Когда в школе по вечерам происходило шитье, мальчики тоже принимали в нем деятельное участие. Вот как описывает это участие учительница:
«Мальчикам тоже хотелось работать, и они вооружились иглами и стали подшивать портянки теплые. После уроков усядутся бывало на партах и шьют или служат на посылках: бегут за нитками подают иголки, готовят нитки».
«Подойдет вечер и весело им при огне работать и необычайно. Они любили петь при этом:
«Будем биться, о братья, до гроба!»...
В Петрограде при какой-то гимназии родительский кружок устраивал продажу детских работ в пользу солдатских сирот, и вот два раза ученики С-овской школы посылали туда свои работы и рисунки.
«Мне особенно нравилось, что они с таким увлечением работают и хотят работать. А главное - им было интересно, и было у них сознание, что они полезны.
«Как-то раз в середине урока один мальчик вдруг задал мне вопрос совсем неожиданно:
«А ты скажи, пожалуйста, почему германские мальчики на войне, а русские должны в школе, сидеть?» И этот вопрос обсуждали они горячо.
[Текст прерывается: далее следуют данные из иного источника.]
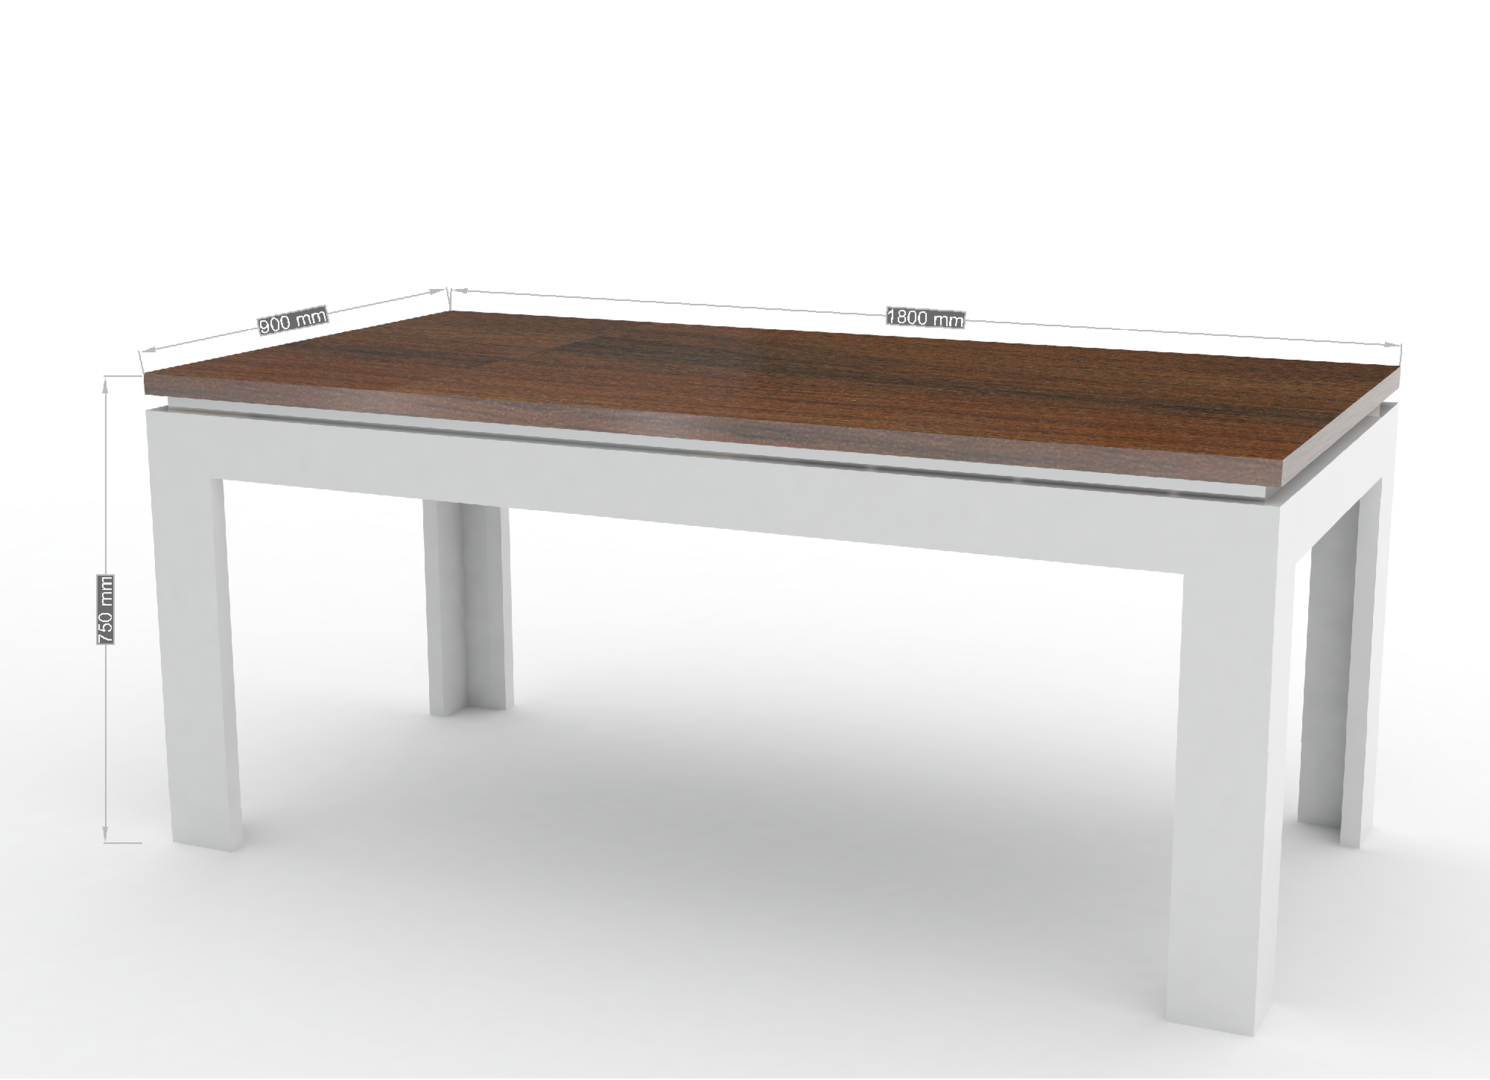 Tavolo moderno bianco messico mobile per sala da pranzo - Tavolo cucina moderno ...

Потом уж таких вопросов больше не подымали: были удовлетворены работой, сознанием, что и они не в стороне стоят от великих событий».
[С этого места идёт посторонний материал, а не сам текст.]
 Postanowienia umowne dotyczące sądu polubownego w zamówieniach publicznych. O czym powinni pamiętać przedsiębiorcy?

Сознание нужности и полезности своего участия - это не единственная черта, отличавшая настроения детей. По всему видно, что они вполне ясно и определенно сознавали всю важность и серьезность переживаемого момента и даже его историческое значение.
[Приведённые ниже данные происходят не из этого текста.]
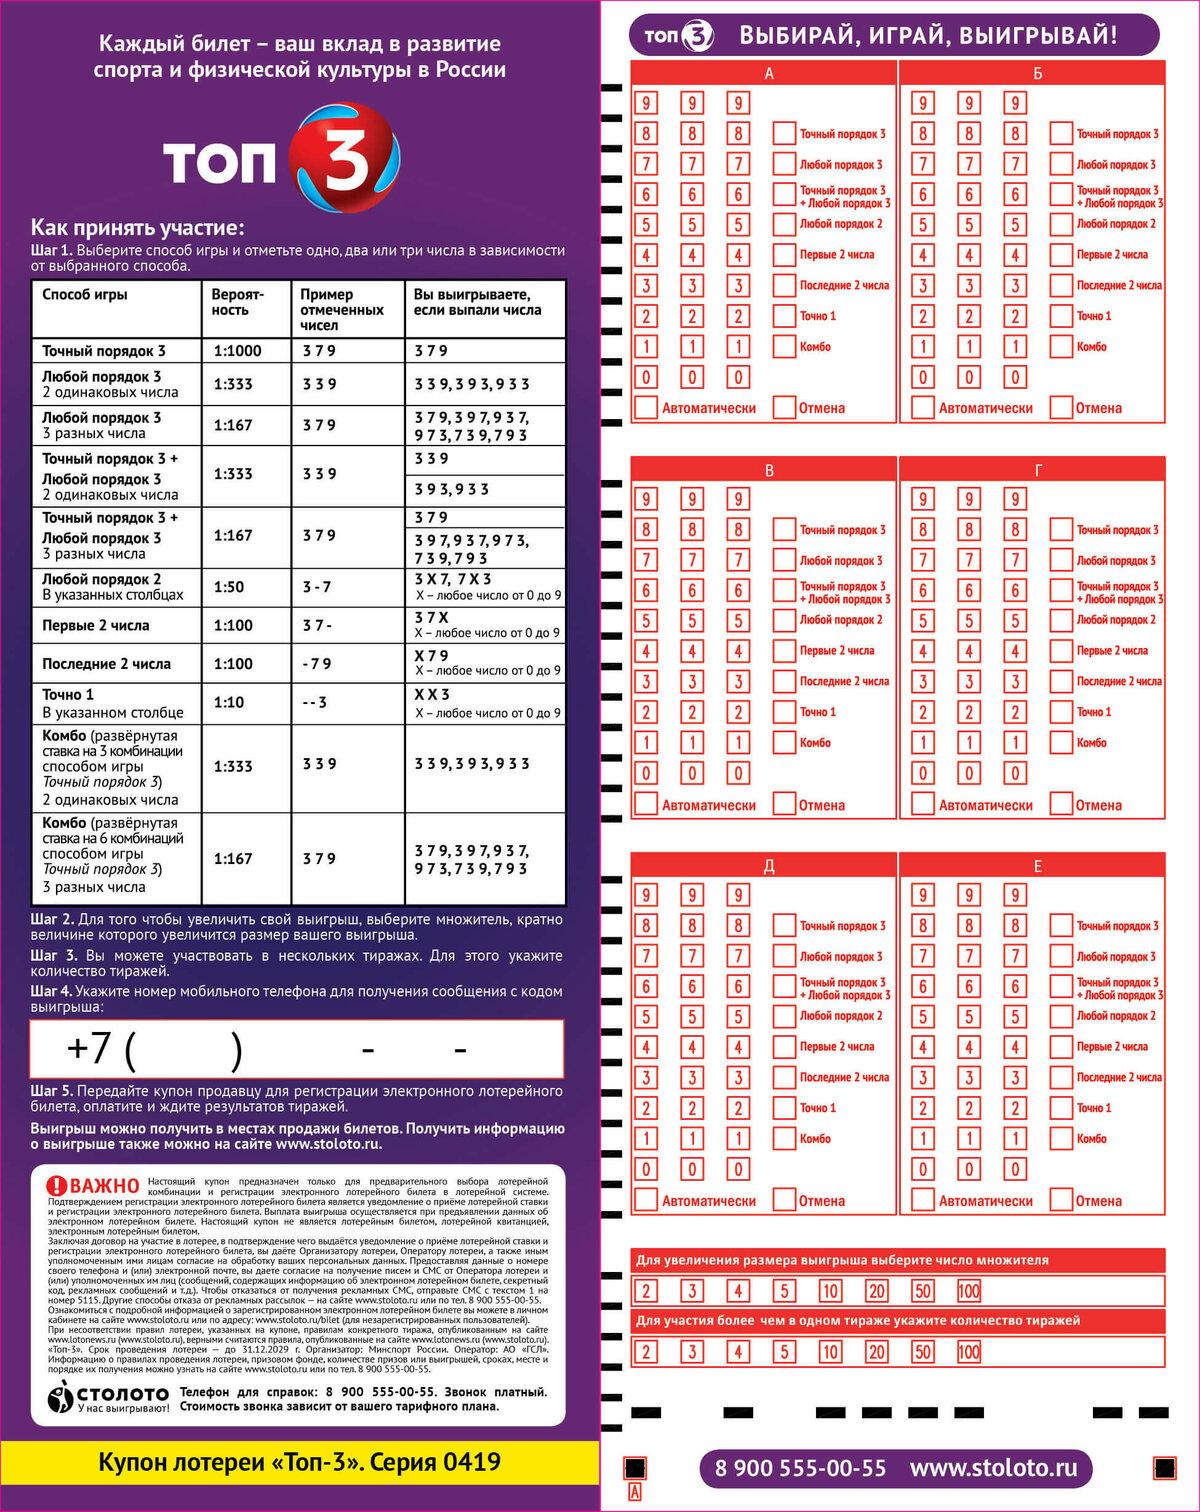 Лотерея топ-3 – купить лотерейные билеты топ-3 от официального сайта столото

Вот яркий эпизод для иллюстрации этого положения:
День Св. Георгия в ноябре дети задумали отпраздновать в честь солдат, но так,. «чтобы была не похоже на обыкновенные наши праздники». Решено было (при каком участии учеников и в какой степени здесь проявилась их свободная инициатива - пока трудно установить) устроить всенощную в школе. Это было ново, так как до этого «никогда не происходило богослужения в школе». «Приехал батюшка, собралось много народу, и поздно вечером начали служить. В школе запахло ладаном, загорались свечки и раздались моления о христолюбивом воинстве. Батюшка служил торжественно, молились усердно, и все были довольны, в особенности дети, так что стали просить еще раз устроить». И вот на следующий день дети в школе говорят между собою: «А что же и через 50 лет мы будем рассказывать про войну и будем говорить, что мы во время войны целые дни работали, а молились по целым ночам».
В начале войны дети играли «в войну»; в этой игре отражались впечатления детей, отражалось все, происходившее тогда на войне и дошедшее до них путем чтения газет и писем: бои, атаки, разведки, пленные и т. д., и т. д. С течением времени этот резко-воинственный характер игр несколько изменился, и они стали приближаться к обыкновенным играм. Однако, эта перемена произошла не без влияния учительницы. Вот что она рассказывает по этому поводу:
«Игры «в войну» были ненавистны мне, и скрыть своего отвращения к ним я не могла, да и не хотела. Запрещать же игру мне не хотелось. Но однажды я не вытерпела и сказала им, что воина - не игра».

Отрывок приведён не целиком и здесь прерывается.